# Spinnaker Flex Time Reservations---Hilton Head



## gmcclana (Feb 14, 2012)

This is a question for those folks who own flex time at a Spinnaker resort in Hilton Head:

Have you been pleased with your ability to book the summer week of your choice? 

Greg


----------



## janej (Feb 14, 2012)

Greg,

I made reservations for two years before I sold my spinnaker.   The first year, I completed closing after October.   I was able to get a week in August.   I think August was pretty open.    The second year I wanted to reserve July 4th week but I was on vacation when that reservation window opened.  I had to get July 6th check in.   It was not bad at all.   All you have to do is send an email.   They respond very fast.

Hope this helps,

Jane


----------



## elaine (Feb 15, 2012)

I own a fixed week 26 at Waterside. I wondered about the availability of summer weeks. When at the owners wine/cheese 2 years ago, I spoke to at least 3 families who had reserved week 26 at Waterside with flex time. They also said they had been there on week 26 or 27 the prior year. They all said they made their reservation while on vacation for the next summer. One thing to consider, I heard if you are banking your week with RCI or II, you cannot bank a prime summer week. We have been very happy with Waterside by Spinnaker. Elaine


----------



## yumdrey (Feb 17, 2012)

elaine said:


> I heard if you are banking your week with RCI or II, you cannot bank a prime summer week. We have been very happy with Waterside by Spinnaker. Elaine



Is it just for floating week owners or all owners (fixed weeks included)?
I didn't register my Waterside week to RCI or II because I use it myself, but previous owner said fixed week owners can deposit owned week to RCI.
Had no chance to confirm or check it myself.


----------



## janej (Feb 17, 2012)

I also had no problem depositing my reservation to RCI.  But the TPU value RCI gave was really not very good.  I think they improved since then, at least from looking at what it takes to trade in.


----------



## Maple_Leaf (Feb 18, 2012)

*Floating weeks*



yumdrey said:


> Is it just for floating week owners or all owners (fixed weeks included)?
> I didn't register my Waterside week to RCI or II because I use it myself, but previous owner said fixed week owners can deposit owned week to RCI.
> Had no chance to confirm or check it myself.



My understanding is that Spinnaker controls the deposits of floating weeks to RCI and II and they do not allow prime summer weeks to be reserved for trading.  If you have a fixed week you can do what you want.


----------



## elaine (Feb 18, 2012)

you can deposit your fixed week.
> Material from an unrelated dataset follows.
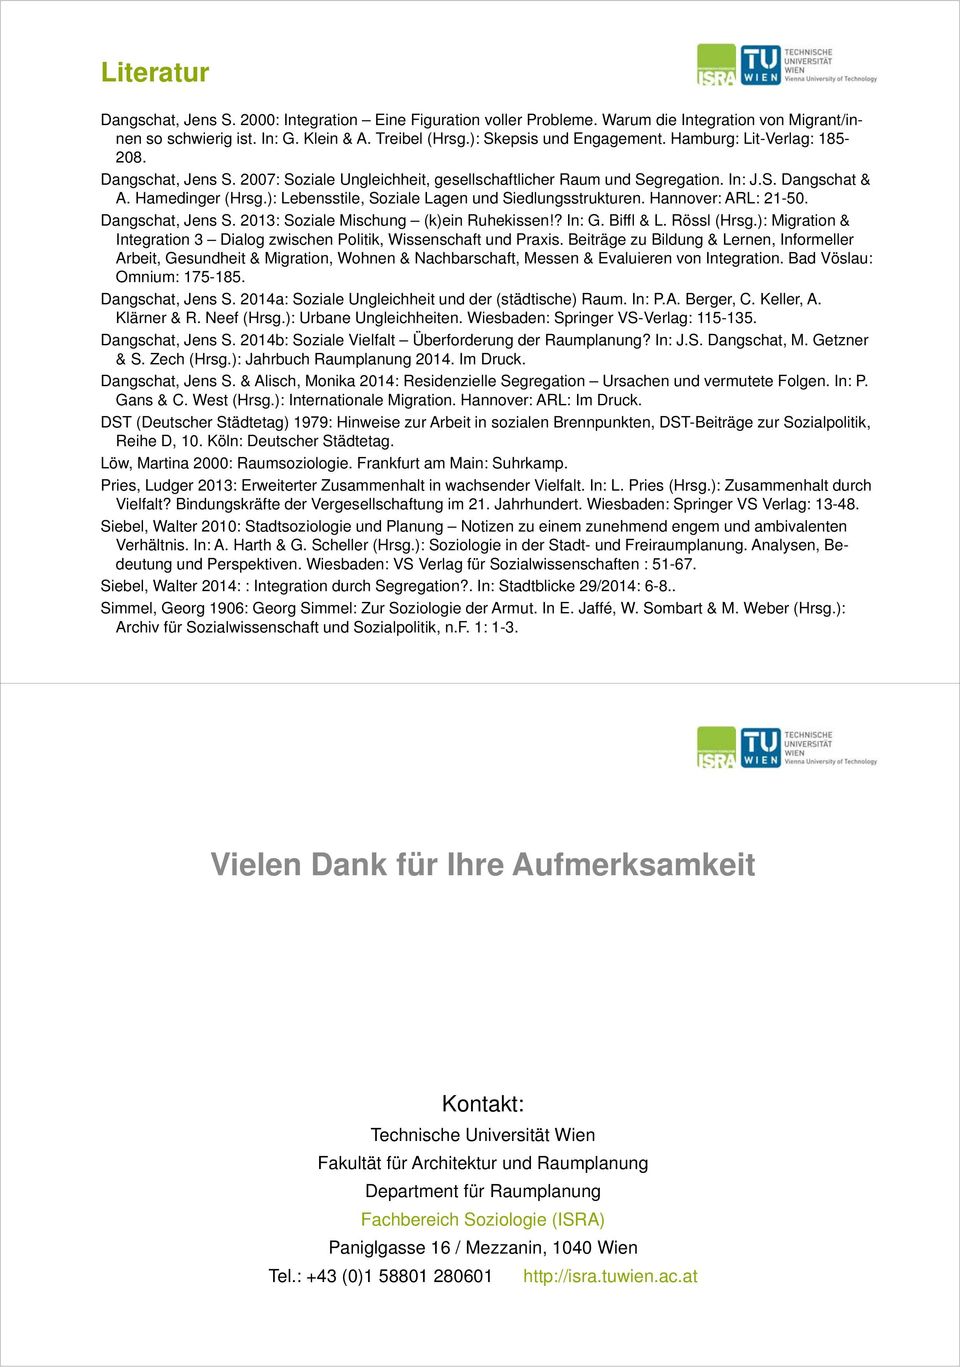 ): Lebensstile, Soziale Lagen und Siedlungsstrukturen. Hannover: ARL: 21-50. Dangschat, Jens S. 2013: Soziale Mischung (k)ein Ruhekissen!? In: G. Biffl & L. Rössl (Hrsg.

I have a week 26 at Waterside and deposit it all the time. However, if you did not buy from Spinnaker, you cannot deposit with II, only RCI. I wanted to switch to II last year--no deal. No biggie---I traded Waterside for a summer 2 BR HGVC in Hawaii---so, I'm fine with RCI.


----------



## stevedmatt (Feb 18, 2012)

janej said:


> the TPU value RCI gave was really not very good.  I think they improved since then, at least from looking at what it takes to trade in.



Don't look at that. I could get 23 TPU if I had deposited my August week 9 months out. It would cost me 47 TPU to trade back in for the same week. RCI will not be seeing this week.


----------



## Maple_Leaf (Feb 21, 2012)

*That's outrageous!*



stevedmatt said:


> Don't look at that. I could get 23 TPU if I had deposited my August week 9 months out. It would cost me 47 TPU to trade back in for the same week. RCI will not be seeing this week.



A 100% spread between deposit and trade value.  :annoyed:   That's why I dropped RCI.


----------



## janej (Feb 21, 2012)

Wow, I noticed the TPU required to trade in increased since I sold my week.   I assumed they increased the TPU for deposit also.   

Maybe we can start direct exchange for these weeks here at TUG.   Since RCI allows TPU transfer, people can post the weeks they want to deposit here to get more TPU than RCI offers


----------



## esk444 (Dec 8, 2014)

elaine said:


> you can deposit your fixed week. I have a week 26 at Waterside and deposit it all the time. However, if you did not buy from Spinnaker, you cannot deposit with II, only RCI. I wanted to switch to II last year--no deal. No biggie---I traded Waterside for a summer 2 BR HGVC in Hawaii---so, I'm fine with RCI.



Does anyone know if this is still true?  I own a fixed week resale at Cottages at Shipyard and remember them telling me years ago no fixed resale owners can trade into II, except Bluewater.  But there are messages here and there where members are saying that trade through II.


----------



## tschwa2 (Dec 8, 2014)

I didn't think Bluewater had fixed weeks.  I thought they all floated 1-52.  As far as I know, fixed spinnaker weeks can not exchange through II.

The flip side for float and flex owners who trade through II, Spinnaker won't let you have a summer week for deposit.


----------